# is this a good pen starter kit?



## mike s (7 Feb 2011)

http://www.stilesandbates.co.uk/product ... 8/sn/PSK-2

does it include everything needed for pen turning? is the price reasonable?

thanks


----------



## Steven (7 Feb 2011)

If you are starting from scratch it has every thing I can think of but one item, a way to assemble the pen.

There is some fancy gadgets on the the market to assemble pens but I just use a hand clamp, you could also use a vice or or your lathe with some jigs.

Are you starting from scratch or do you have glue, sand paper, 7mm drills and some wood you can cut into pen size blanks (20x20x125mm approx). If you do you could save about £20 buying them loose. There is a lot of good site to get parts from, PM me if you want the one I use?


----------



## NikNak (7 Feb 2011)

Where abouts are you in Surrey Mike..?

I'm in Southampton and you're welcome to come and have a look at what i've got use...



Nick


----------



## ste_5150 (7 Feb 2011)

I'm a newbie (on my 3rd pen now), but I'd say that looks reasonable. I bought all the odds and ends separately and it ended up a little cheaper than that, but not much. In my (very limited) experience, the tube insertion tool is not really necessary, but hey ho. 

2 things that aren't included in that are Micromesh (not strictly a neccessity but leave such a nice surface), and some sort of finish (I use the boiled linseed oil and superglue method).

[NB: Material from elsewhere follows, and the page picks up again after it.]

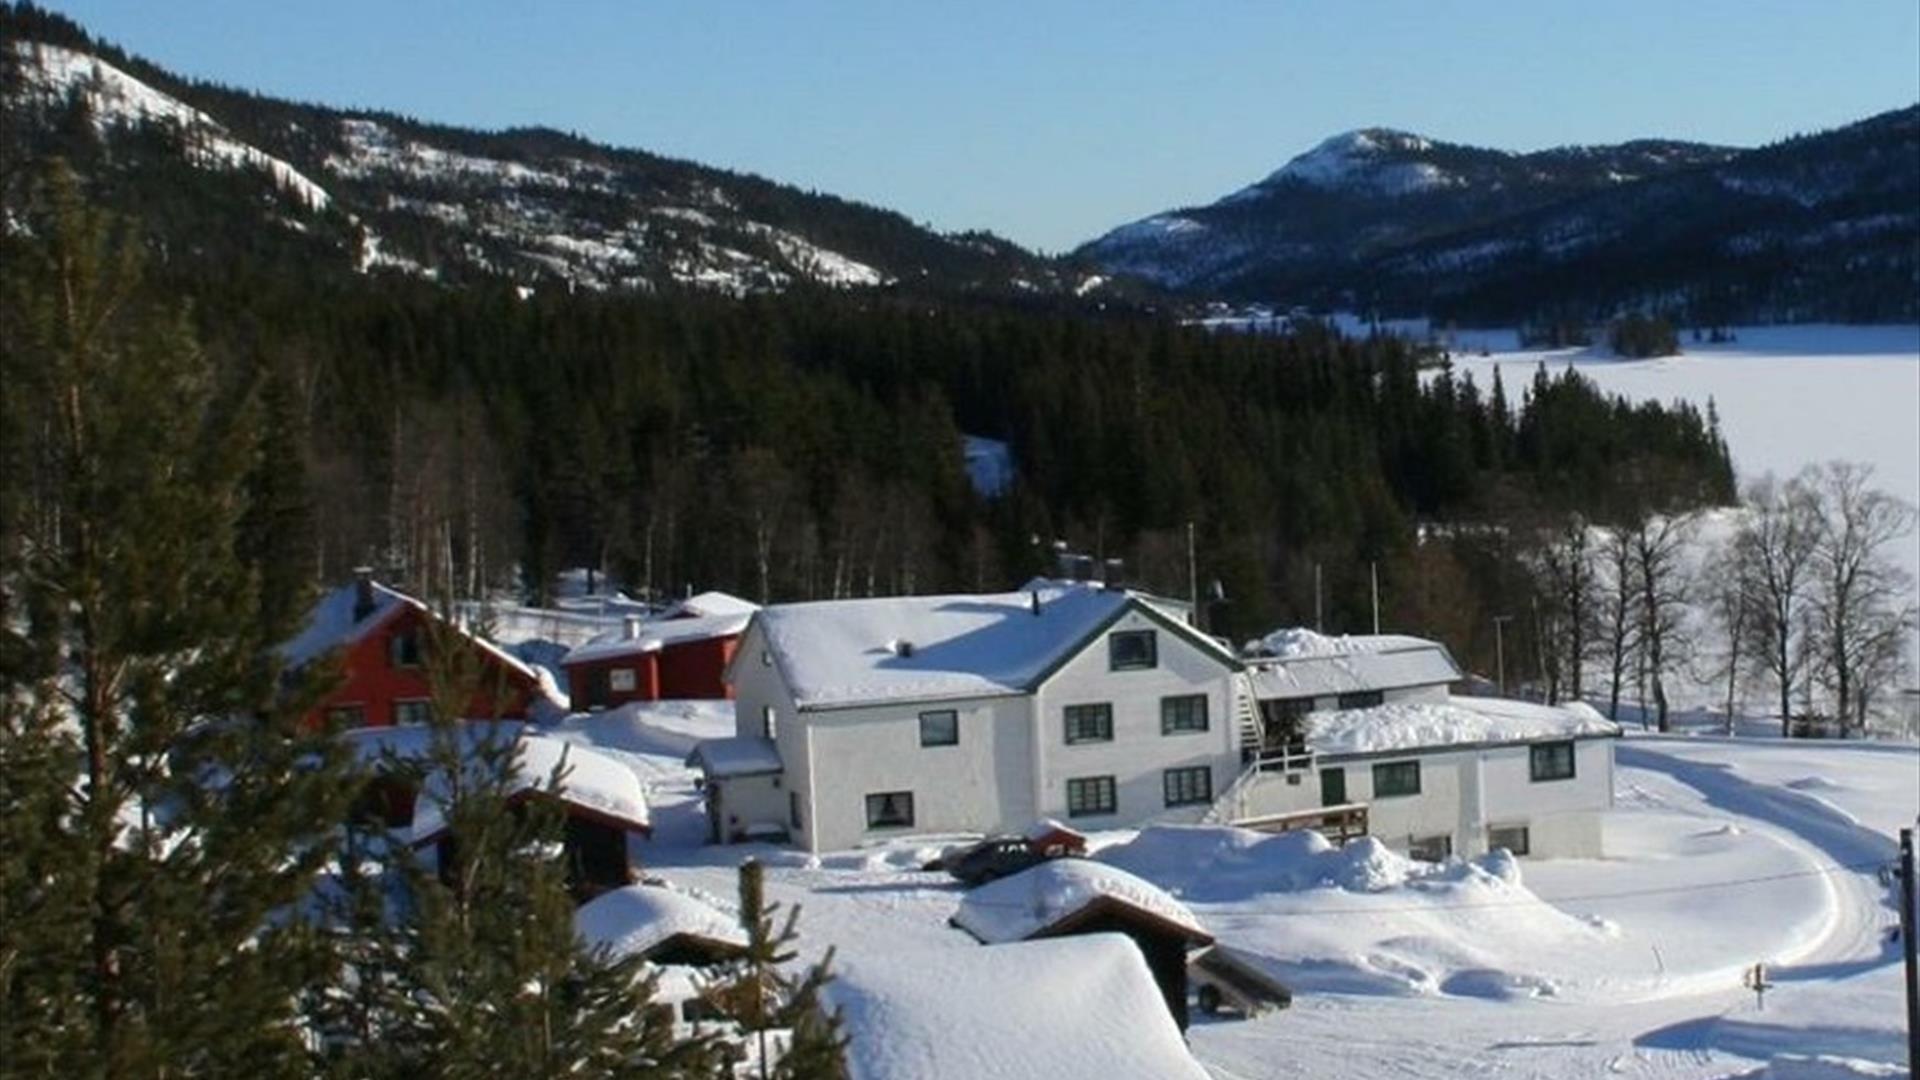 Strand Fjellstue vinterstid

There's a good supplier of Micromesh on ebay (search will bring that up - I'm being lazy...), though you may want to combine postage from Stiles and Bates if ordering the other stuff from there - it usually costs about 13-15 quid for the 9 small pads, which are well suited to pens. BLO and Cyanoacrylate (superglue) can both be bought locally. 

I found this guide very useful in trying my first pens:

http://www.woodturned.co.uk/html/cutting.html

And details about the BLO/CA finish I mentioned are here:

http://www.woodturned.co.uk/html/blo_ca_finnish.html

I believe the owner of the above site may be a member here, and I hope they don't mind me posting the link, but I found it such a useful guide I think anyone starting with pens should have a look.

I've found pens to be great fun, and quick enough for someone who doesn't get a "workshop pass" often, like me! I'd say go for the set you've found - you won't regret it. Enjoy!


----------



## CHJ (7 Feb 2011)

mike s":1ivp8sdk said:


> http://www.stilesandbates.co.uk/product.php/section/6148/sn/PSK-2
> 
> does it include everything needed for pen turning? is the price reasonable?
> 
> thanks




This might help as a prompt to most of the bits that will be needed.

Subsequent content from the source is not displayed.